We could change the standard of care in the servicing model.  We could specify that the amount of information provided under the applicable loan documentation is, except in extraordinary circumstances, sufficient for prudent decision making.  We could specify that the periods of time available under most loan documentation for making decisions about things like leasing, property releases, etc., are adequate for servicing decisions to be made and servicing decisions should be judged (and liability assessed) within the structure of the available information and timeframe.

Maybe the standard of care is gross negligence, not negligence.  (Who’s going to make a lot of money suing servicers anyway?)

Maybe we can import into the conduit things such as the Criteria-Based Modification and Administration Modifications found in current CRE CLOs.  Some of this is inconsistent with REMIC, although not all.  If these tenets are inconsistent with REMIC, maybe we should consider a non-REMIC shelf!  Maybe virtually all leasing decisions are within a very wide box would not subject to servicer or B-buyer consent.

Maybe it’s possible to bake into the servicing standard a notion that the duration of the receipt of interest from an underlying loan and not just the rapidity of recovery of principal is a valuable goal to be weighed in the servicing decision process.  One might argue that it is not always good to economically compel a borrower to seek an exit from the loan in order to do what it, as a competent asset manager, thinks it should do about the property.  Do investors always want their money back early?

Maybe we should think about paying servicers more and demanding a higher level of service and touch.  This could eliminate the need for servicers to chase borrowers for additional payments for off the run servicing decisions, reducing an area of tension with the product.

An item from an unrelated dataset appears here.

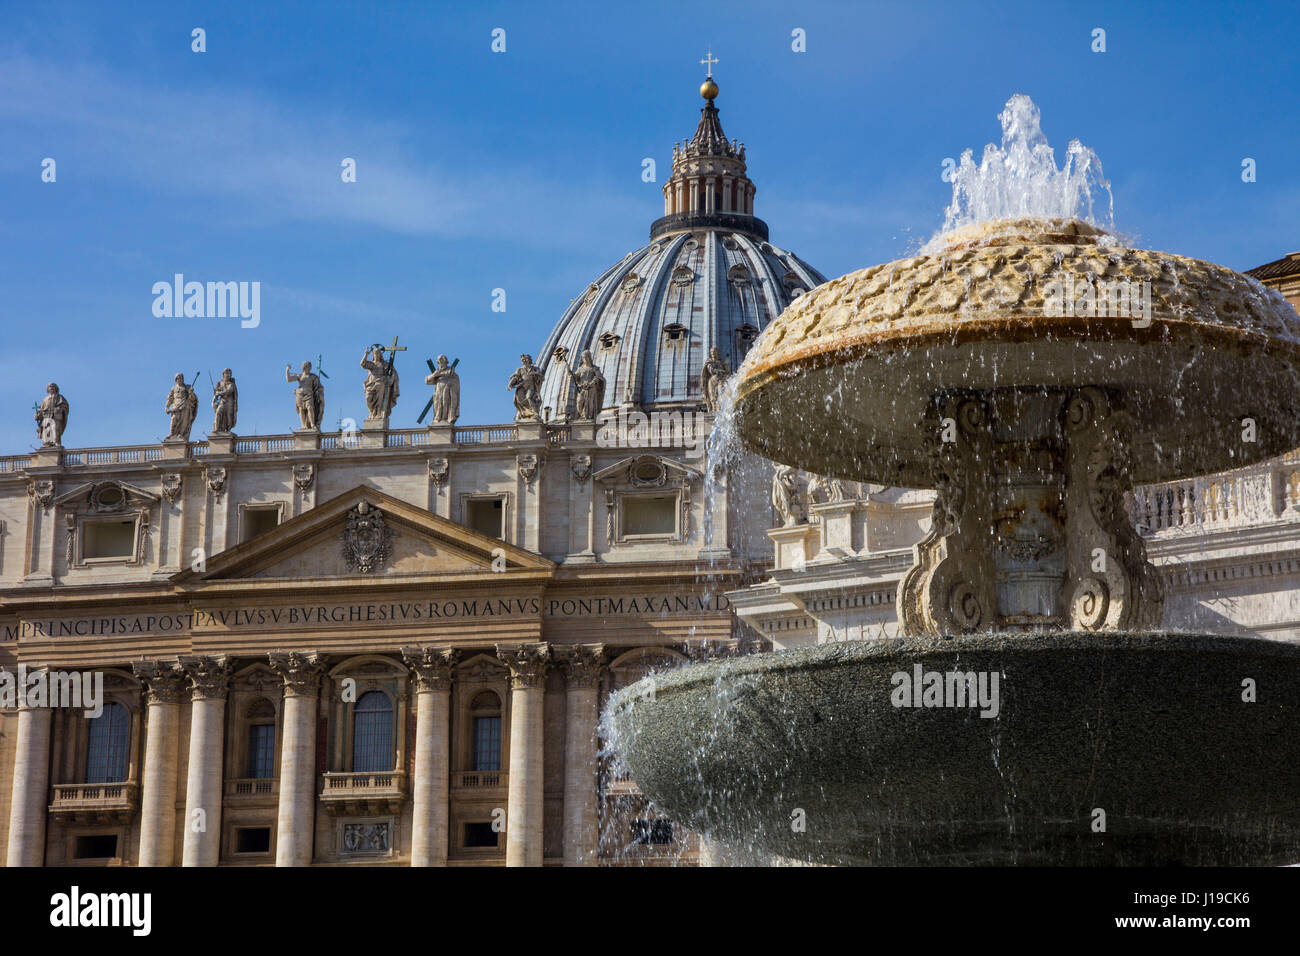 A view of St. Peter's Basilica, with the 1613 marble fountain of Carlo Maderno in the foreground, on St. Peter's Square, Vatican City, Rome, Italy. Stock Photo
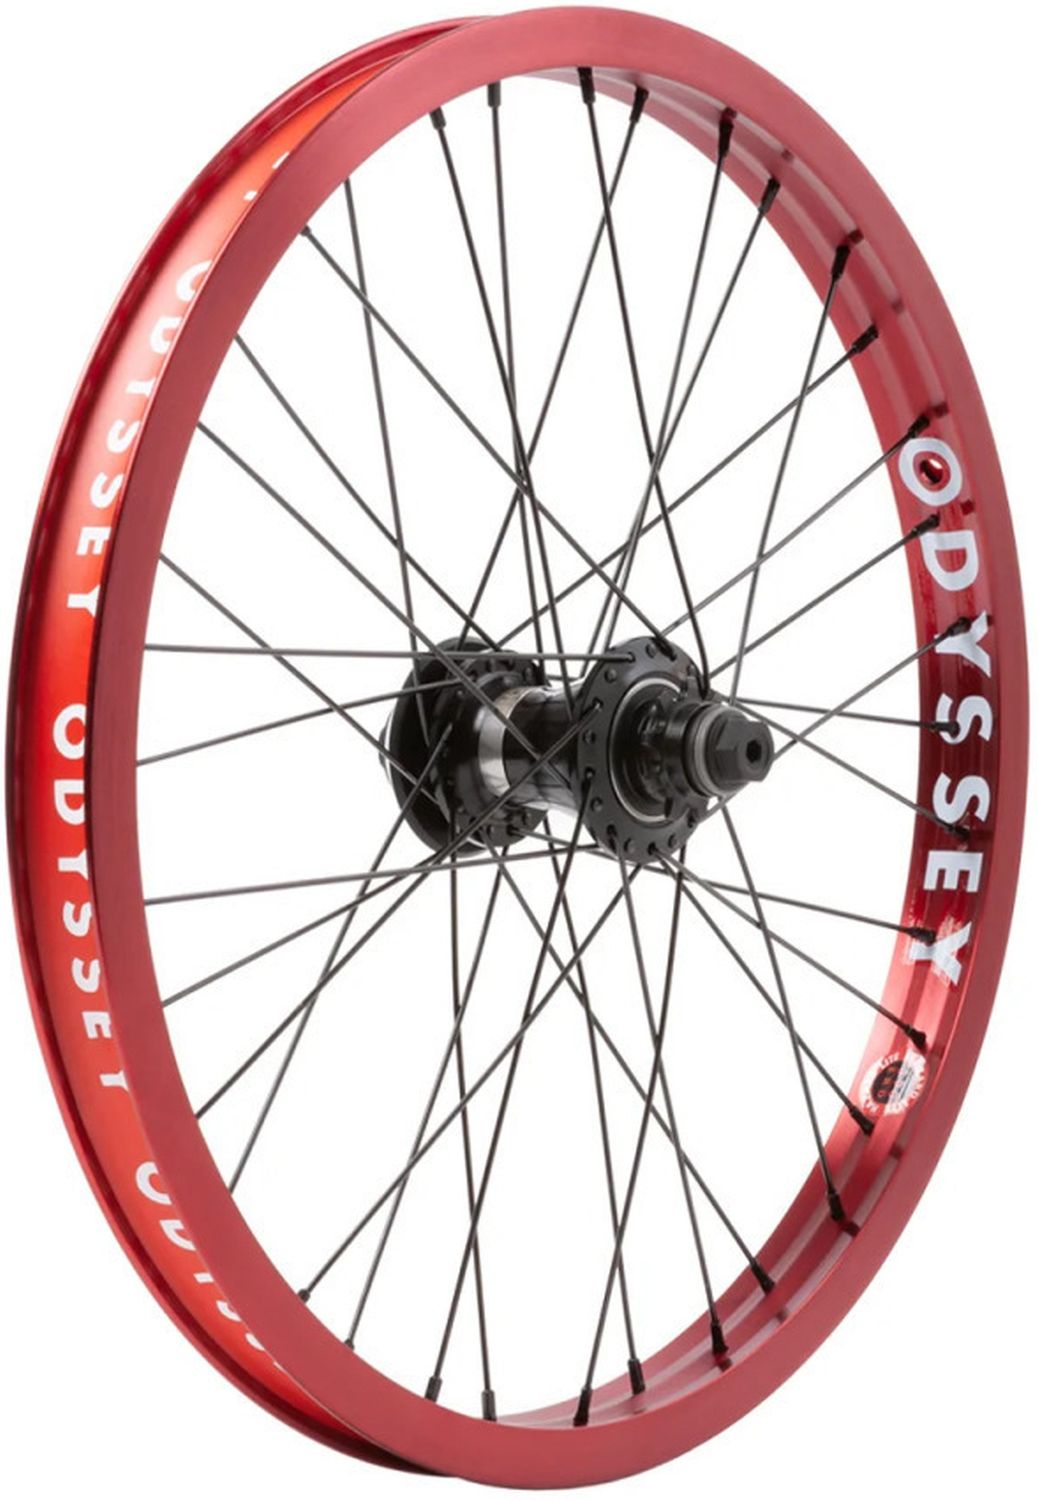 ROUE ARRIERE ODYSSEY HAZARD LITE FREECOASTER CLUTCH V2 ANODIZED RED

Let’s have a third rail moment.  Maybe we need to do something about yield maintenance.  Maybe we need to cap yield maintenance and hence defeasance costs at some sort of dollar amount with a stable relationship to the value of the underlying property.  Or, how about five years of full metal jacket yield maintenance and then a sliding scale for the final five years of a ten-year term?

Velocity is critical for the conduit market to thrive.  I know the markets are thinking about five-year product, but production volumes and hedging concerns have kept that idea on the sidelines.  Can we look into alternatives for the current dearth of effective hedging strategies?  Maybe an exchange, like the Merc, could be created where folks could bid on providing hedging for not only interest rate spread but economic spread in an active marketplace.  This could be built on a co-op model.

The rating agencies need to consider seriously new criteria for new models.  Everything discussed above is probably credit negative to the existing model, but to what extent?  This needs to be quantified before an alternate model could even be considered.

All changes to the existing model will make debt more expensive.  More flexibility to the borrowers, less certainty in the servicing function, more risk on the B-buyer, will all require risk to be repriced.  Maybe borrowers confronted with a more expensive ten-year fixed rate product will once again develop a yearning desire for conduit 1.0.  Maybe these 1.0 and 2.0 versions of the conduit are viable alternatives that can exist in parallel, like homo sapiens and Neanderthals for 100,000 years or so (didn’t work out for the latter, but oh well).

I’m not smart enough to capture all the things that might be considered to improve the current dismal straights of our conduit product nor courageous enough for everyone to get at it, but it does seem to me to be something worth thinking about.  And, as we think about it, remember the comments of the estimable Holmes who once said, “Once you eliminate the impossible, whatever remains, no matter how improbable, must be the truth.”  (And once again, for those of you who think this is a really bad idea, please pretend I didn’t write this.)

DISCLAIMER: Because of the generality of this update, the information provided herein may not be applicable in all situations and should not be acted upon without specific legal advice based on particular situations.